Saturday, January 24, 2009

Wild Duck Breast Bigarade

My husband brought home some ducks the other day and finally picked them. There was a mix of Green wing Teal, Sprig and Wigeon. I decided to cook the larger breasts and froze the others.
I got the recipe from Hank at Hunter Angler Gardener Cook — Finding the Forgotten Feast. It turned out wonderful and it was delicious. I cooked some collard greens, since I had some in the fridge as a side.

Here is Hank's recipe:
Duck Breast Bigarade
1 domestic duck or one from a large wild duck, such as mallard,pintail, gadwall or canvasback
A smidge of duck fat lard or olive oil
1 tsp flour
2 tsp brown sugar
1Tbsp cider vinegar (I didn't have any so used Balsamic)
Juice of an orange (or tangerine)
1 shot glass of Grand Marnier (optional)
Grated orange zest
Salt your duck breasts at least 1/2 hour before you begin. Let them rest at room temperature during that time.
Preheat oven to 375 degrees
Heat an oven proof pan over medium heat, then add the oil or fat. Let it heat up, then place breasts skin side down and sear until lovely and brown. This could take 5-10 min. Don't rush it.
Turn the breasts over and put into the oven. Domestic ducks will take about 10-15 min. wild ones less, they are smaller.
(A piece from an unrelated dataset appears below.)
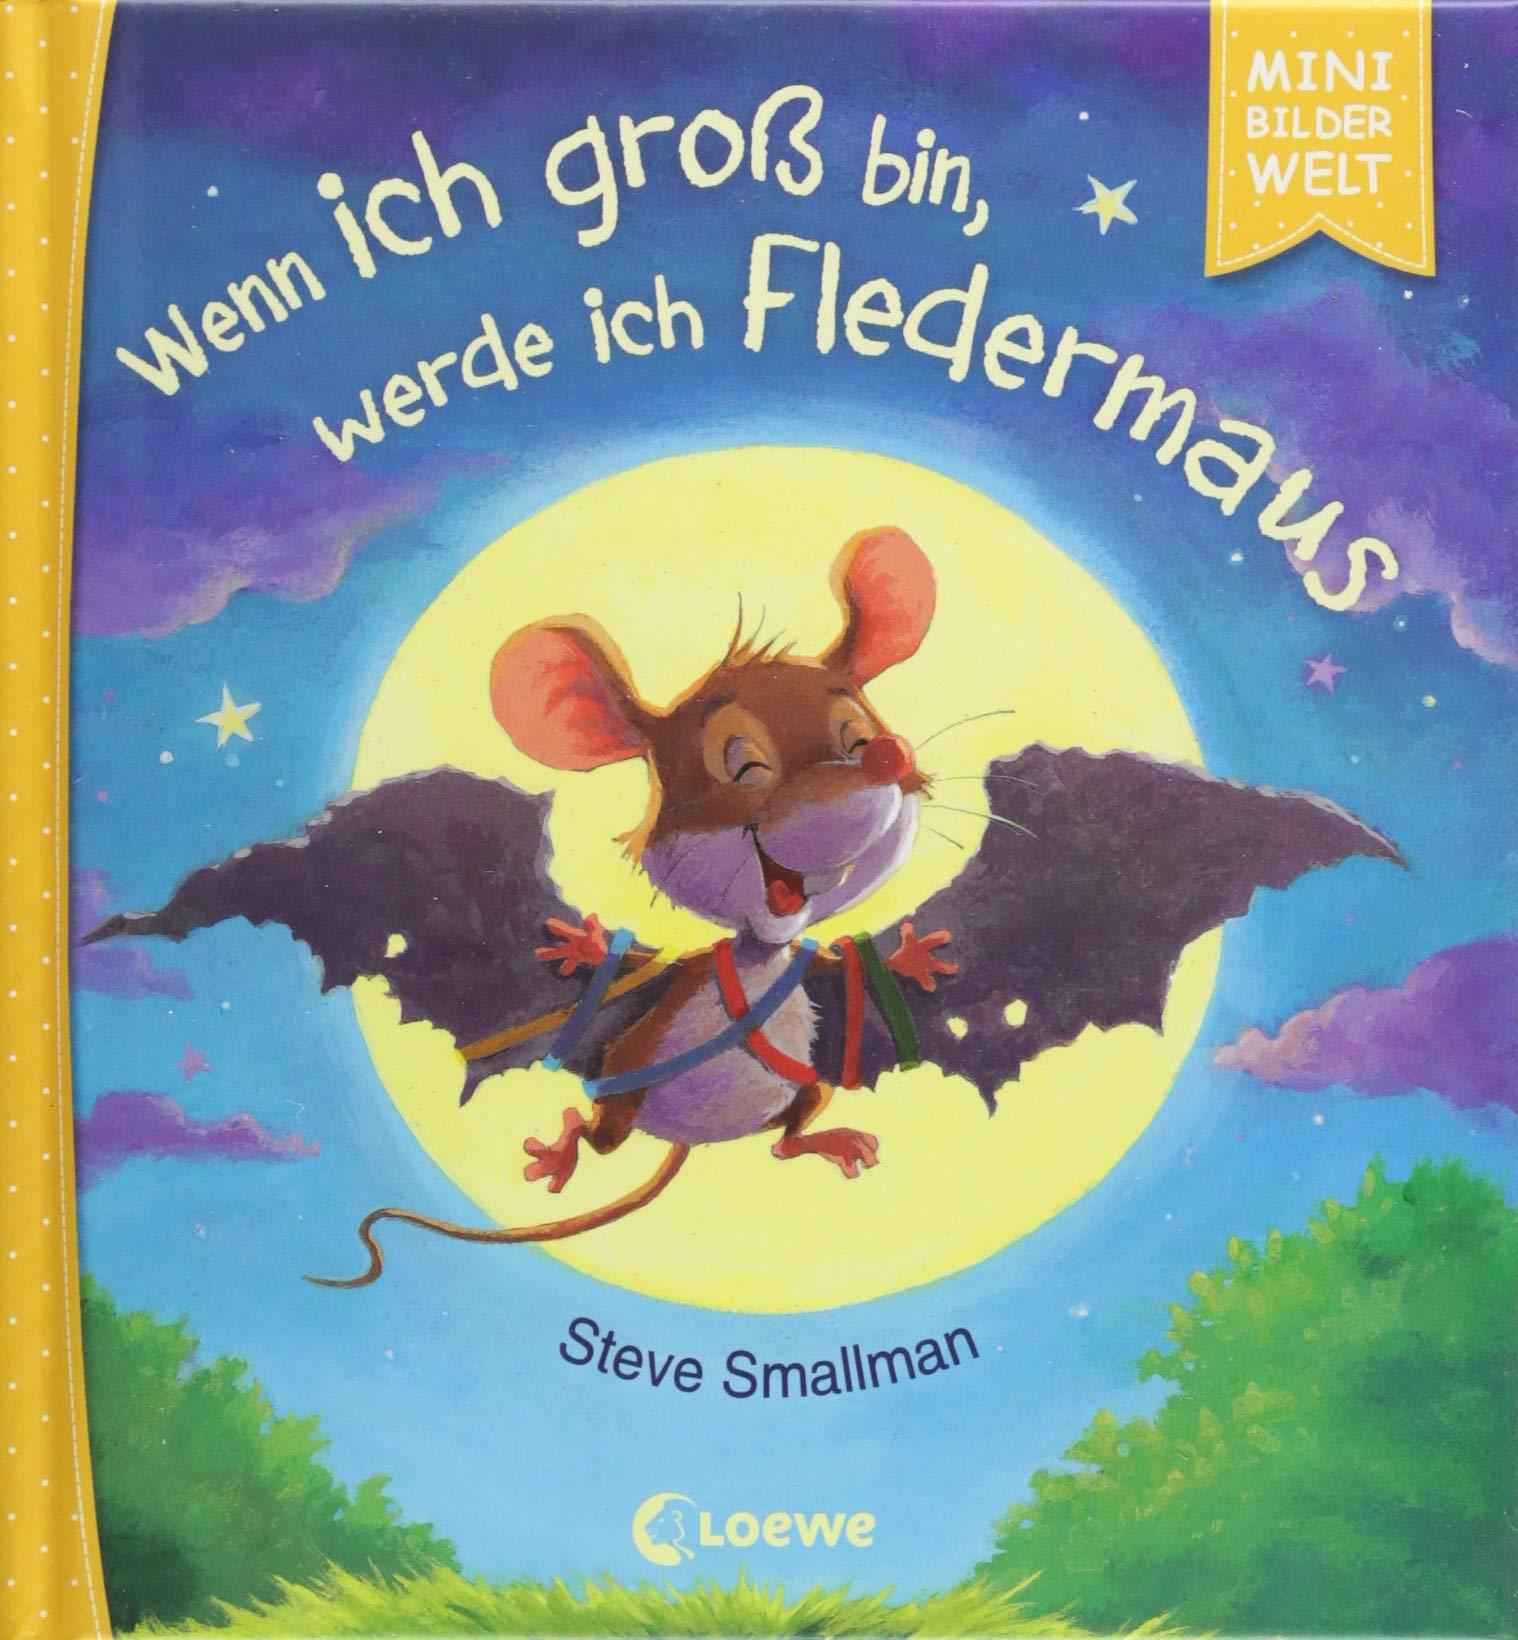 Mini-Bilderwelt - Wenn ich groß bin, werde ich Fledermaus Gebundenes Buch – 17. September 2018 Steve Smallman Mareike Schlensog Loewe 3743202050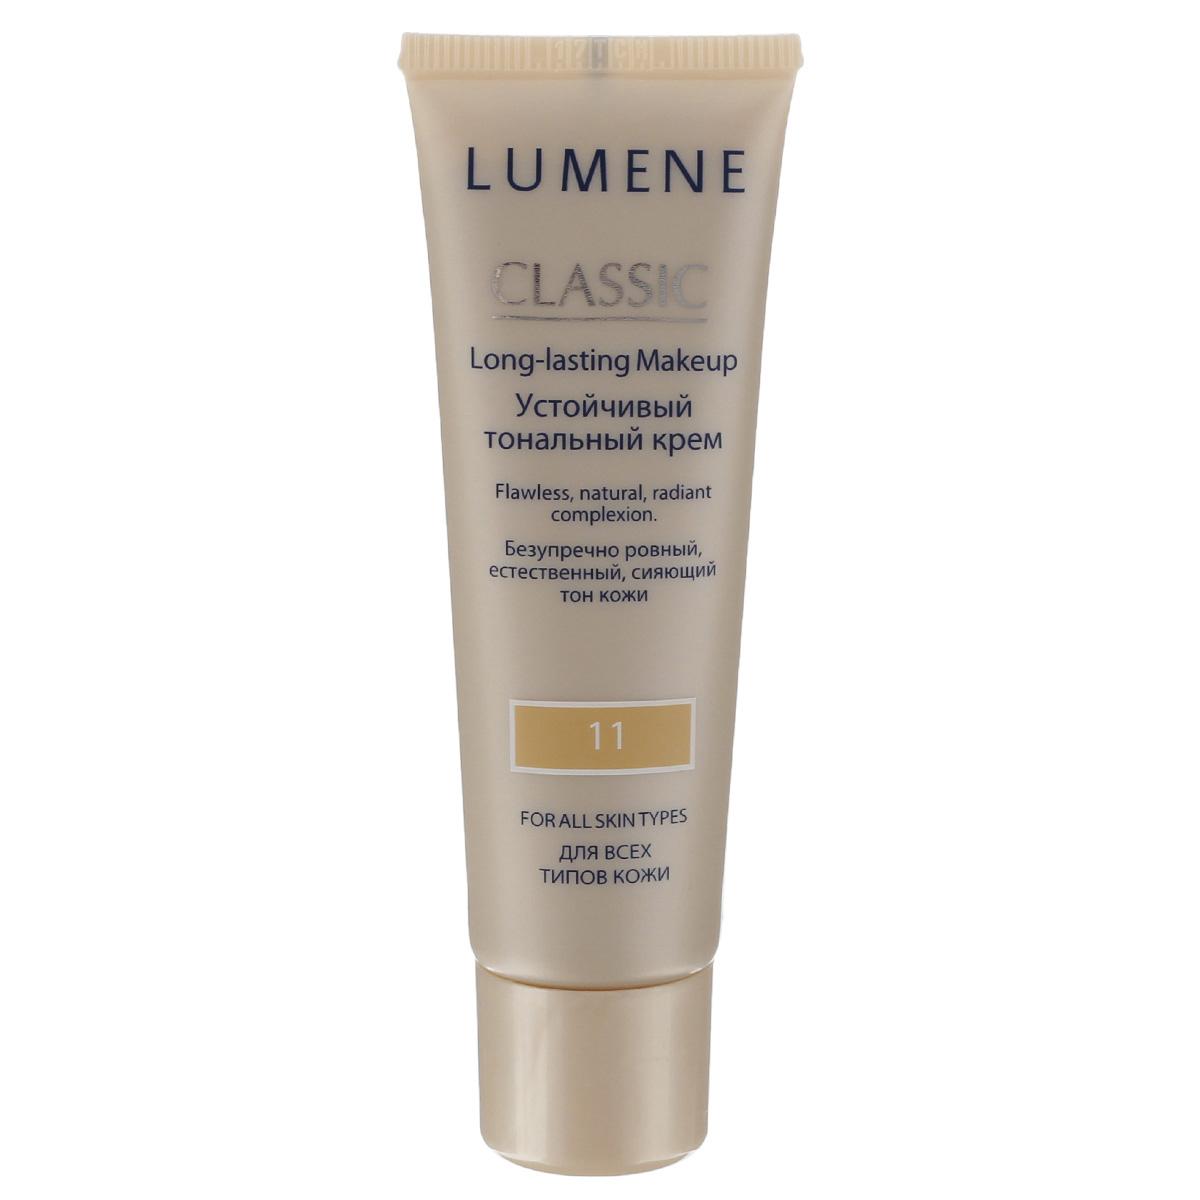 LUMENE Classic - тональный крем, №11, 30 млNL0012-987131Long Lasting Makeup Lumene Classic Устойчивый тональный крем Lumene Classic Для всех типов кожи Безупречно ровный, естественный, сияющий тон кожи. Идеальный и естественный макияж в течение всего дня. Безупречно гладкая кожа. Увлажнение и комфорт благодаря специальной формуле.

The internal temperature should be about 130 degrees. Once you get that, take the duck out of the oven, remove them and let the breasts rest under foil.
Make the Bigaragde: Put the flour in the pan stir to combine, making a roux over medium heat. Let it become a tan roux, which will take a few minutes. Add the sugar,a pinch of salt and stir to combine, then add the orange juice and the Grand Marnier. It will splatter but whisk and combine until it gets to a consistency you like. You may need more or less than the orange's worth.
To serve, lay down some sauce, top with slices of the breasts. Garnish with the orange zest. It's excellent with wild rice pilaf.
It was easy and turned out well.. it's a keeper recipe.


Unknown said...

Wowza Eileen...that looks perfect! Nicely done chef.

Hunter Angler Gardener Cook said...

Nice job! Looks basically like the way I do it. Did you use the Grand Marnier? Next time don't use balsamic, as it is too dark and distinctive for bigarade; I'd suggest white wine vinegar or even straight distilled -- lemon jounce would be even better...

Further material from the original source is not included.